$f(n) = n^2 + n^{0.5}$
$g(n) = [g(n-1)]^2 + [g(n-2)]^2$ for $n \geq 3$, where $g(1) = 1$ and $g(2) = 2$
The statement: $2^{2^{f(n)} }= Ω(g(n))$
The $\lim_{n \rightarrow \infty} \frac{2^{2^{f(n)} }}{g(n)}$ can't be computed easily since $g(n)$ has a recurrence relation.
How do I approach it?
On
First prove $g(n) \le 2^{2^{n-1}-1}$ by induction on $n$ as follows. It is true for the base cases (equality holds). It is clear that $g$ is increasing, so $g(n) = g(n-1)^2 + g(n-2)^2 \le 2g(n-1)^2 \le 2\cdot (2^{2^{n-2}-1})^2 = 2^{2^{n-1} - 1}$, as required.
Once we have this fact, your limit is easy to compute (or at least bound in the way we need), as $\frac{2^{2^{f(n)}}}{g(n)} \ge 2^{2^{f(n)} - 2^{n-1} + 1} \ge 2^{2^{n^2} - 2^{n-1} + 1} \to \infty$, as needed.
On
For $n\ge 3$ we have $0<g(n-2)^2<g(n-1)^2$ so $0<g(n-1)^2<g(n)<2g(n)^2,$ so $$2\log g(n-1)<\log g(n)<\log 2+2\log g(n-1),$$ so $$2^{n-2}\log g(2)<\log g(n)<(n-2)\log 2+2^{n-2}\log g(2)$$ by induction on $n\ge 3,$ and $g(2)=2 $ so $$2^{2^{n-2}}<g(n)<2^{n-2+2^{n-2}}.$$
On
The $g_n$ are given in sequence $A000283$ in $OEIS$ (have look here). I you look at the formula, in year 2003, Benoit Cloitre proposed $$g_n=\left\lfloor A^{2^{n}}\right\rfloor$$ where $$A=1.23539273778543688962233101322844082434745718691367945473360\cdots$$ is "almost" $[\log(5) ]^{e^\gamma}-\log(3)=1.235392625$
Now it is quite obvious from the formulae that $$r_n=\frac{2^{2^{f(n)} }}{g(n)}\to \infty$$
Considering $\log [\log (r_n)]$ and computing a few values before overflows $$\left( \begin{array}{cc} n & \log [\log (r_n)] \\ 1 & 1.01978 \\ 2 & 3.36260 \\ 3 & 7.07101 \\ 4 & 12.1101 \\ 5 & 18.5121 \\ 6 & 26.2846 \\ 7 & 35.4316 \\ 8 & 45.9554 \\ \end{array} \right)$$
If you plot these last results, you will see that they perfectly align along a quadratic in $n$.
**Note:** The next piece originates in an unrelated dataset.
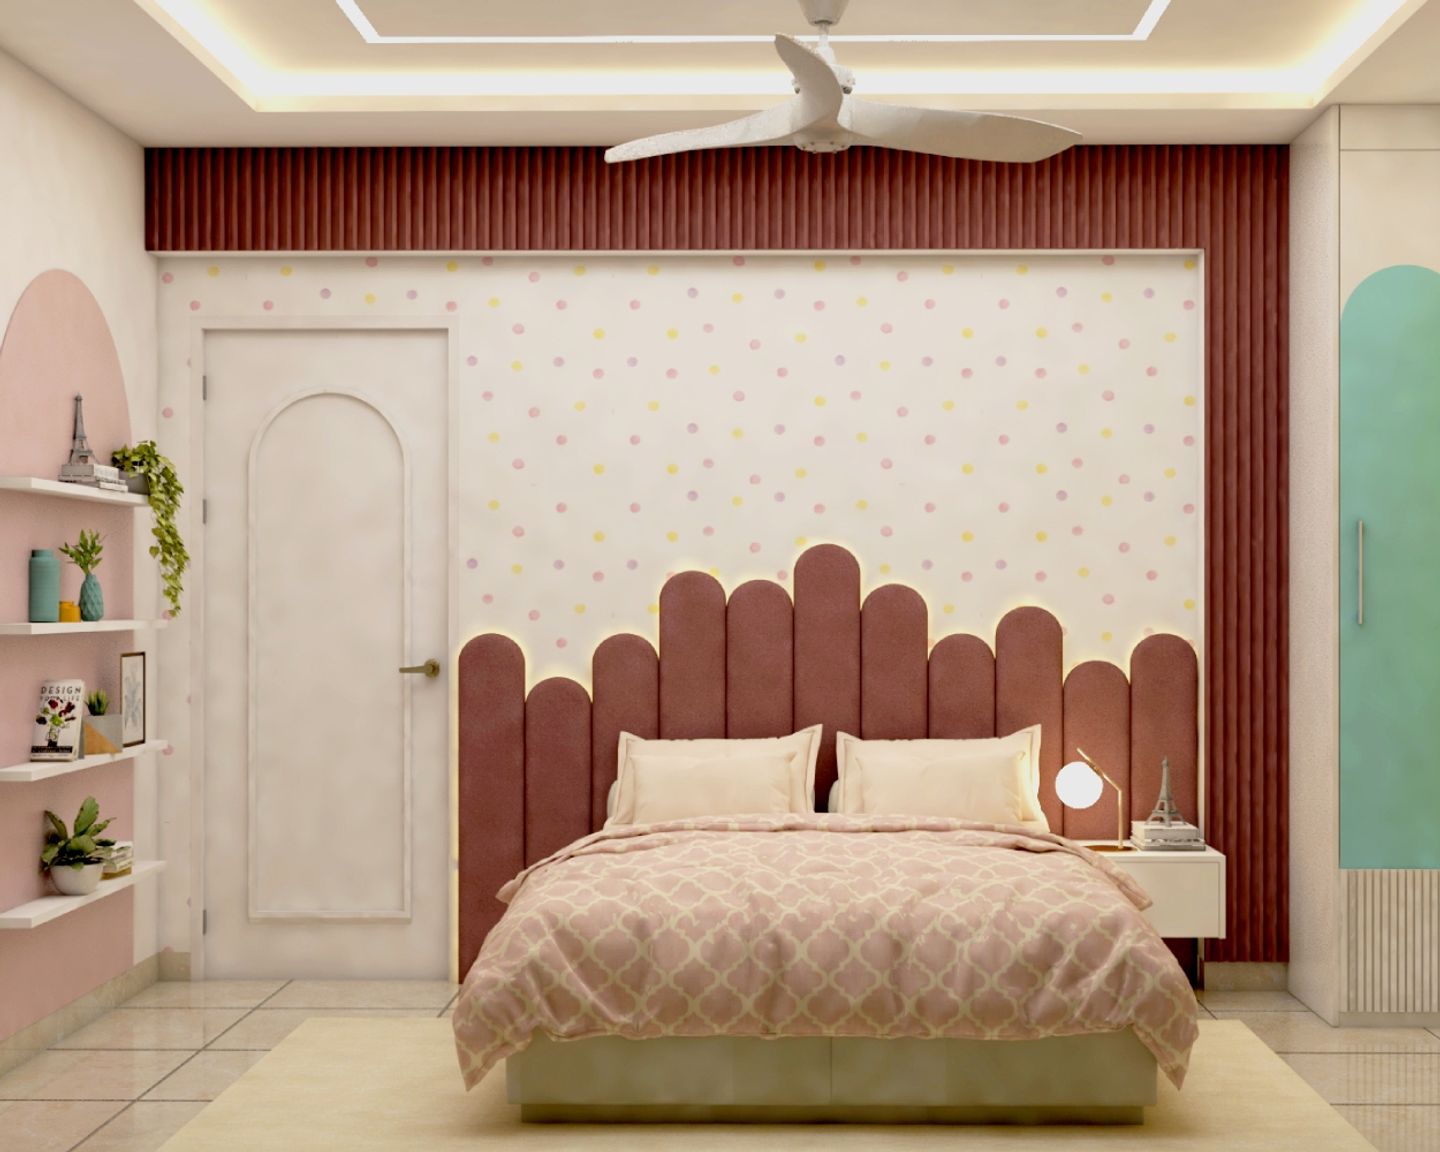 Multicoloured Polka Dot Bedroom Wallpaper Design - Livspace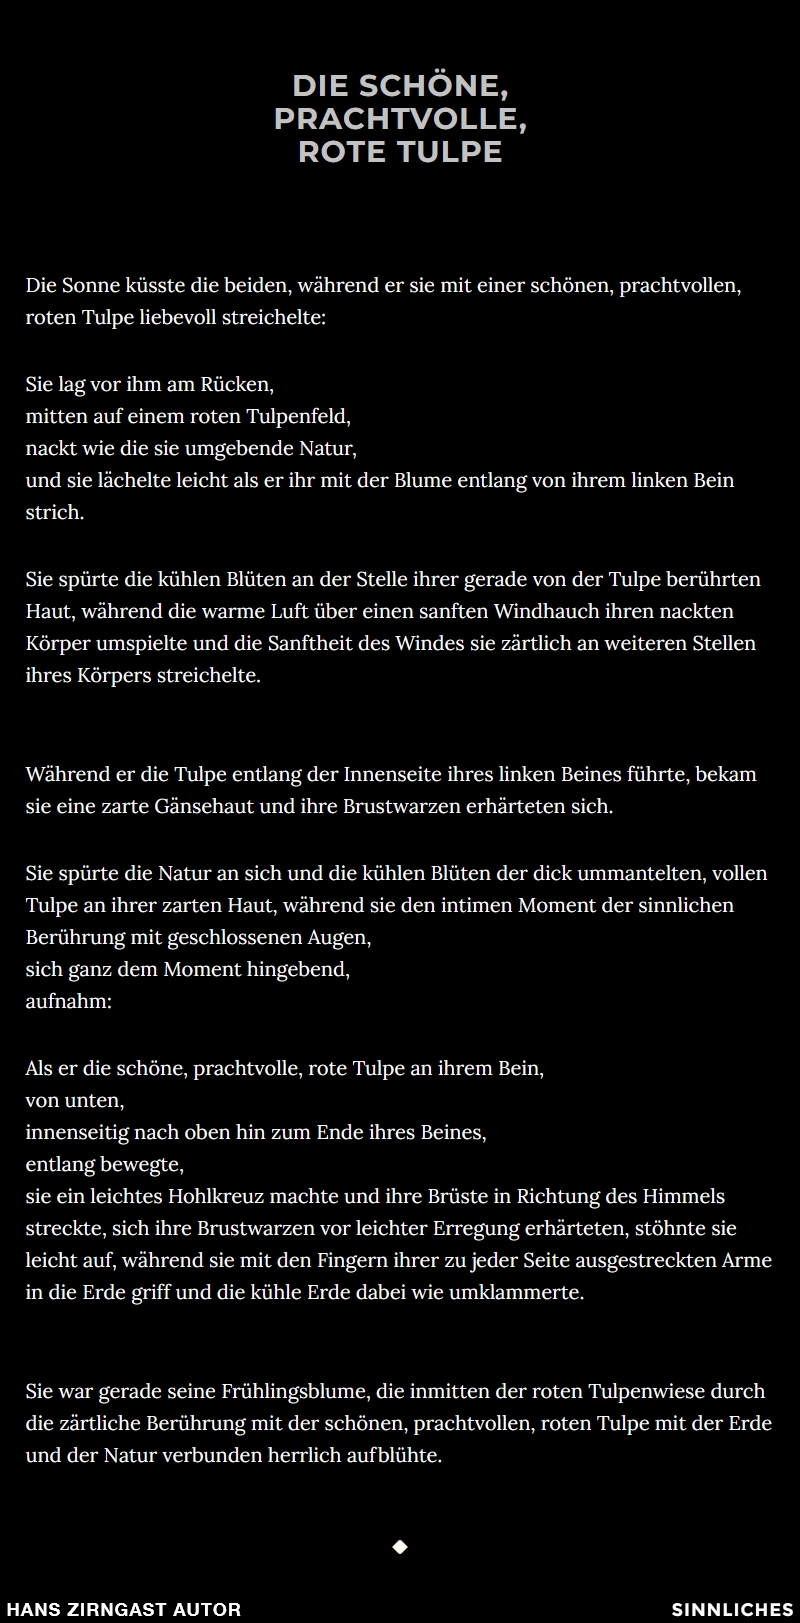 Hans Zirngast Autor - Sinnliches-Texte - Die schöne, prachtvolle, rote Tulpe

I took a numerical approach to this particular problem. I calculated the first $11$ terms for $g(n)$, i.e., $g(1)$ through $g(11)$. The table below shows the results.
$$\begin{array}{|c|c|c|c|c|c|c|c|c|c|c|c|} \hline n & \log_{2}\left(g(n)\right) \\ \hline 1 & 0.0\\ \hline 2 & 1.0\\\hline 3 & 2.321928094887362\\\hline 4 & 4.906890595608519\\\hline 5 & 9.813781191217037\\\hline 6 & 19.609640474436812\\\hline 7 & 39.12617154448214\\\hline 8 & 78.40434618240933\\\hline 9 & 157.13062045970602\\\hline 10 & 314.26124091941205\\\hline 11 & 628.8444099337115\\\hline \end{array}$$
Notice that the second column presents the $\log_{2}$ of $g(n)$, which grows so fast and so huge that my computer is not able to compute it for $n > 11$ (at least not with Python and Matlab; $g(11)$ has $190$ digits and the number of digits double for every iteration).
The right column of the table can be approximated to $$\log_{2}\left(g(n)\right) = 0.3051\exp\left(0.6937n\right)$$ with Matlab's curve fitting tool. The image below shows that the fit is pretty good.
Therefore, $$g(n)\simeq2^{0.3051\exp\left(0.6937n\right)}$$
From WolframAlpha, $$\lim_{n\to\infty} \dfrac{2^{2^{n^2 + n^{0.5}}}}{2^{0.3051\exp\left(0.6937n\right)}} \to \infty$$
With a slightly different fit to the curve,
you can show that
$$\lim_{n\to\infty} \dfrac{2^{2^{n^2 + n^{0.5}}}}{2^{2.944\mathrm{e}{-}05 n^{7.032} + 5.808}} = \infty$$
And so, $f(n)\in\Omega\left(g(n)\right)$.